Nan Tang
Chief Executive Officer Pulmongene
Nan Tang, M.D., Ph.D., is the founder and chairman of Pulmongene, and currently the Principal Investigator of National Institute of Biological Sciences (NIBS). Dr. Tang is an internationally renowned expert in pulmonary fibrosis and alveolar regeneration and has more than 20 years’ experience in investigating molecular and cellular drivers that promote alveolar regeneration. She established the first Idiopathic Pulmonary Fibrosis (IPF) mouse model that recapitulates human pathology and identified novel therapeutic targets of lung diseases.
Dr. Tang obtained her Ph.D. from the University of California, San Diego and completed her postdoctoral training at University of California, San Francisco. She is also trained as a physician and earned her medical degree from Medical School of Xi’an Jiaotong University.
Seminars
Despite decades of research, therapeutic development for IPF and progressive pulmonary fibrosis remains constrained by limited target diversity and high clinical attrition. With advances in single-cell technologies, imaging, and human tissue models, the field is rethinking how to discover and validate the next generation of fibrosis targets.
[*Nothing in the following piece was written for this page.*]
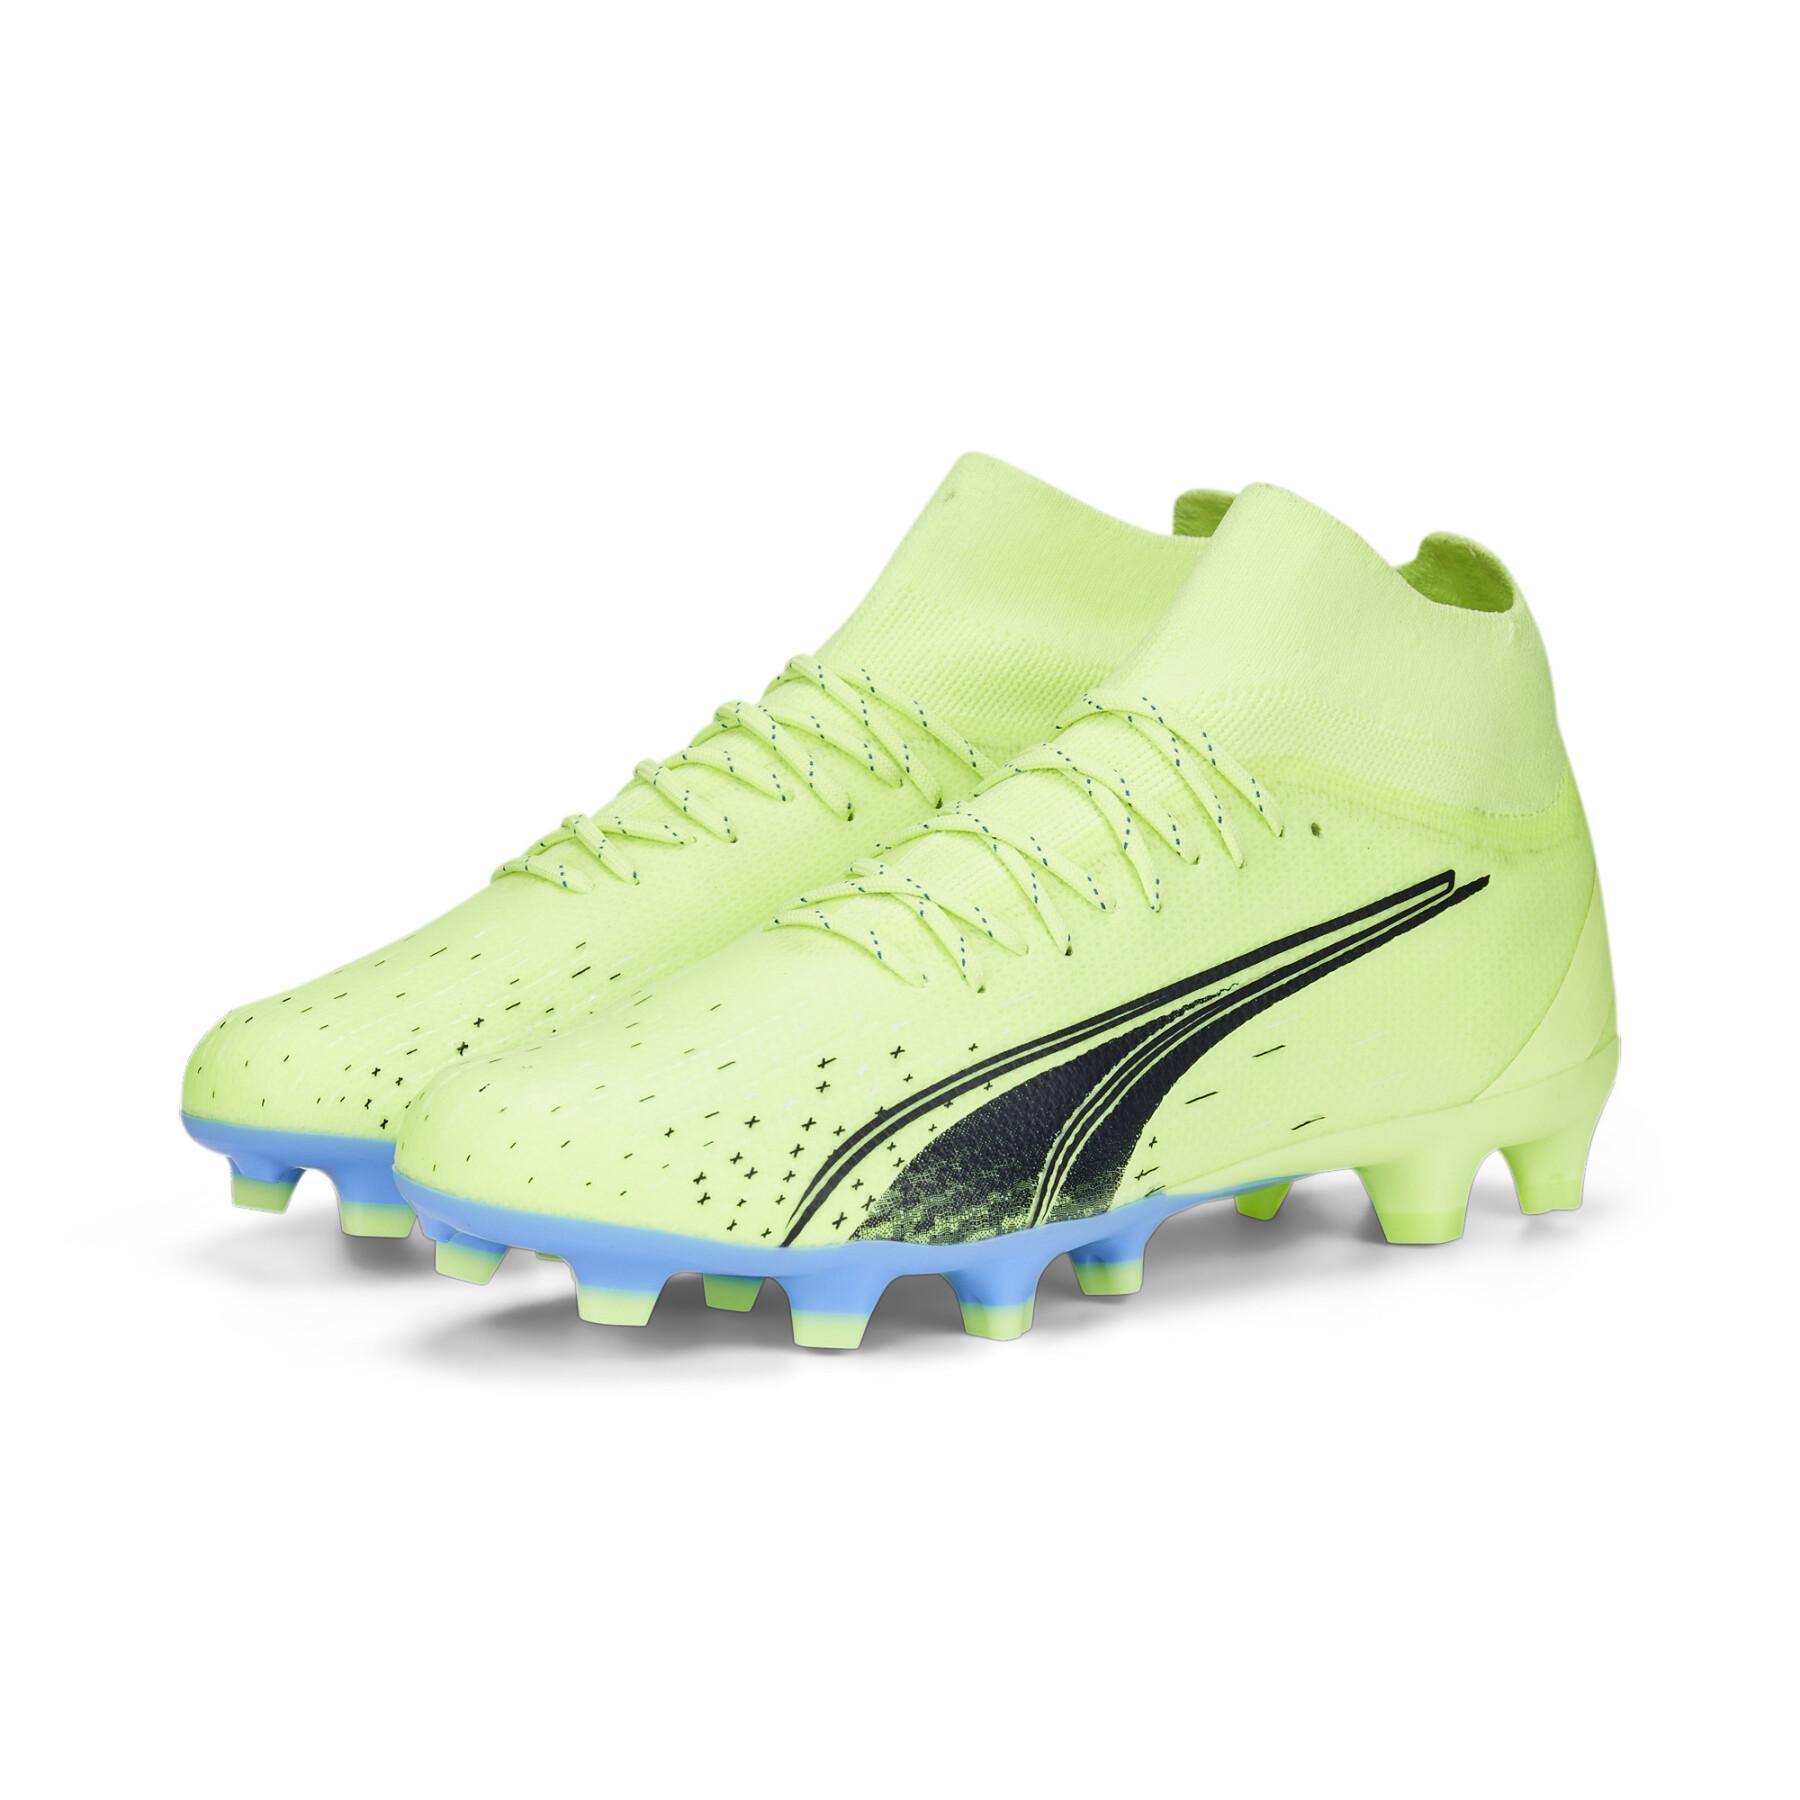 Soccer shoes Puma Ultra Pro FG/AG - Fastest Pack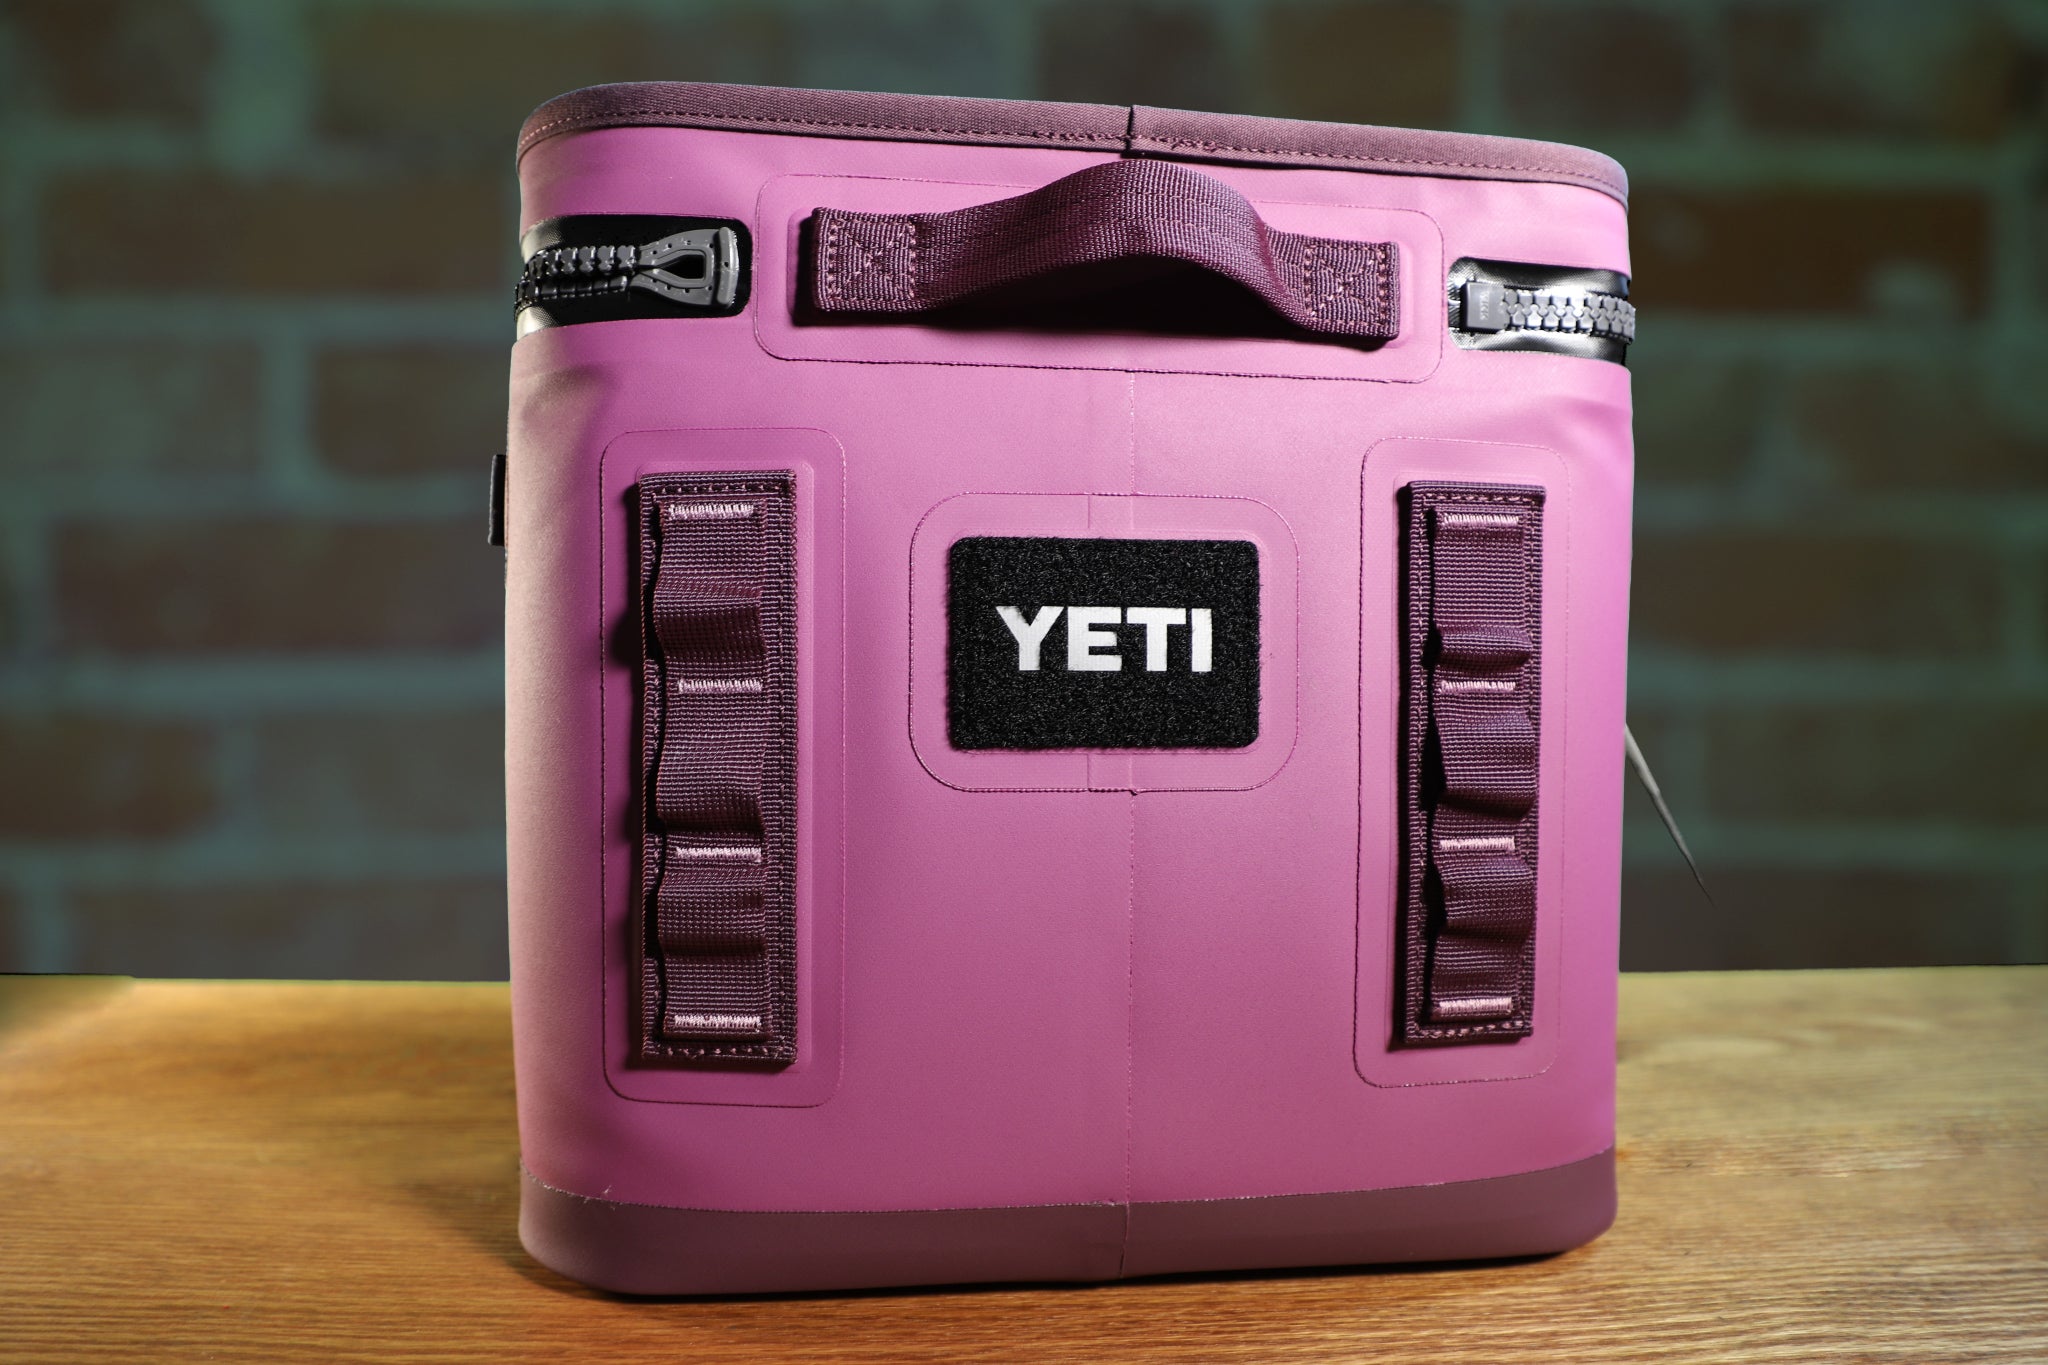 YETI Hopper Flip 12: The Portable Cooler That's Anything But Soft

Discussion Topics Include:
- Reassessing Historical Pathways: Revisiting canonical mechanisms such as TGF-β signaling, integrins, and inflammatory mediators, what have we learned, and do these pathways still hold untapped therapeutic potential?
- Emerging Target Opportunities: Exploring epithelial repair, fibroblast heterogeneity, immune modulation, and regenerative biology as potential avenues for next-generation interventions.
- Bridging Preclinical Insights to Clinical Readouts: How preclinical findings and cellular-level insights can guide trial design, biomarker selection, and patient stratification; challenges of relying solely on lung function endpoints (FEV/FVC); and leveraging multi-omics, spatial biology, and imaging technologies to accelerate target validation and predict meaningful clinical outcomes.
- Forward-Looking Questions: Which cellular or molecular readouts best predict clinical efficacy? Can we design trials focused on fibrosis biology rather than aggregated lung function metrics? How can new technologies inform both target discovery and endpoint selection for more translatable therapies?